Eyewitness To Tragedy
When waves crashed into Southeast Asia and Africa at the end of December, the world soon saw images of death and destruction that were almost impossible to imagine. And then the world tried to reach out and send help. The Rev. Larry Hollon is a United Methodist church leader who traveled to Indonesia. Lindsay Ferrier shares his story.
The Rev. Larry Hollon is just back from Banda Aceh, Indonesia, where a United Methodist delegation delivered a hundred thousand dollars worth of antibiotics to stricken tsunami victims. It was a hard trip, in every way.
The Rev. Larry Hollon: “This looked like someone had dropped a bomb in the middle of the city.”
Like you, Hollon watched the pictures on television. He will tell you that's nothing compared to seeing it for yourself.
The Rev. Larry Hollon: “We talk about the tsunami as a wall of water, but in fact, it was a wall of water that carried with it tin roofing, sheets of glass, I-beams and doors , and all sorts of debris that became a machine that actually took people in and destroyed them.”

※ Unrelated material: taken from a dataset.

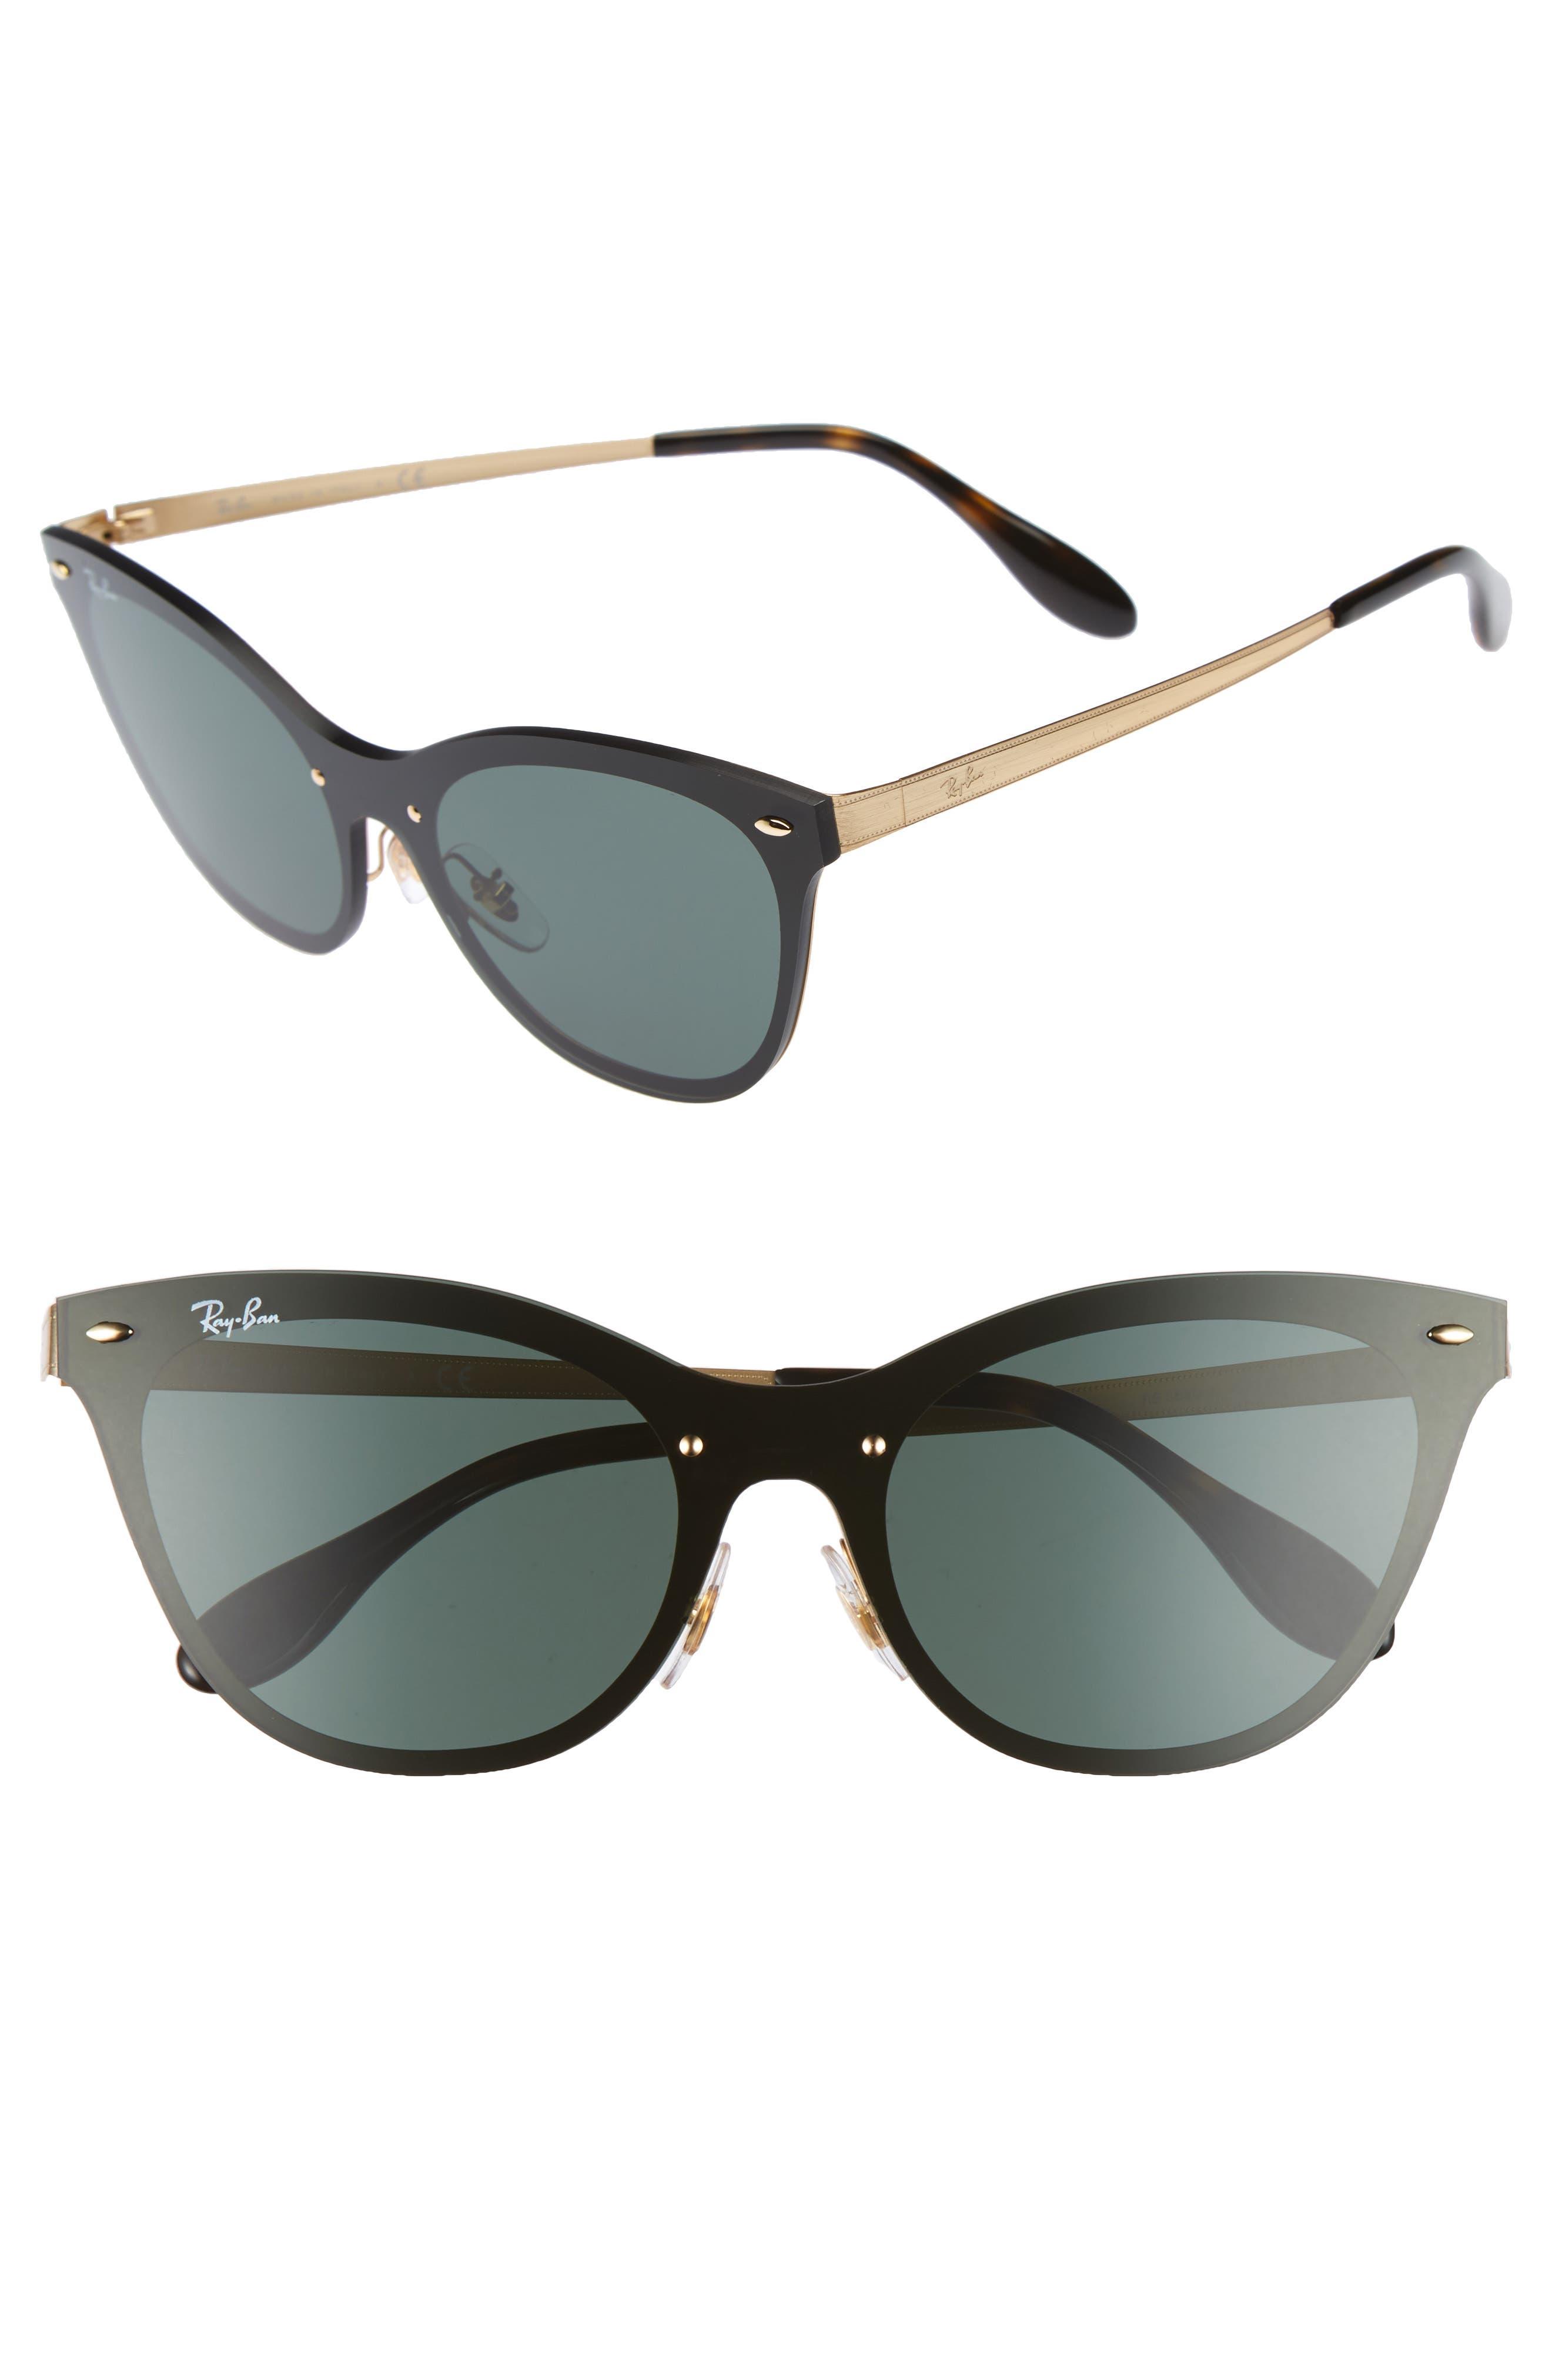 Ray-Ban Blaze 58mm Mirrored Cat Eye Sunglasses

And those it didn't destroy continue to suffer…high rates of illness and infection...camps overflowing with the homeless and displaced. Hollon saw and photographed all of it. But he also saw humanitarian aid swiftly and effectively delivered to victims. And amid all the suffering, he discovered hope all around him. Like the Indonesian Methodist pastor who in spite of the carnage at his own church doorstep chose to make the church itself a symbol of rebirth.
The Rev. Larry Hollon: “We talked with a pastor who had 27 bodies just piled up at his door. They immediately started cleaning up. Some of the members got all the mud and debris out of the sanctuary and were already talking about reopening the church, not for the sake of the church, but for the hope of the community.”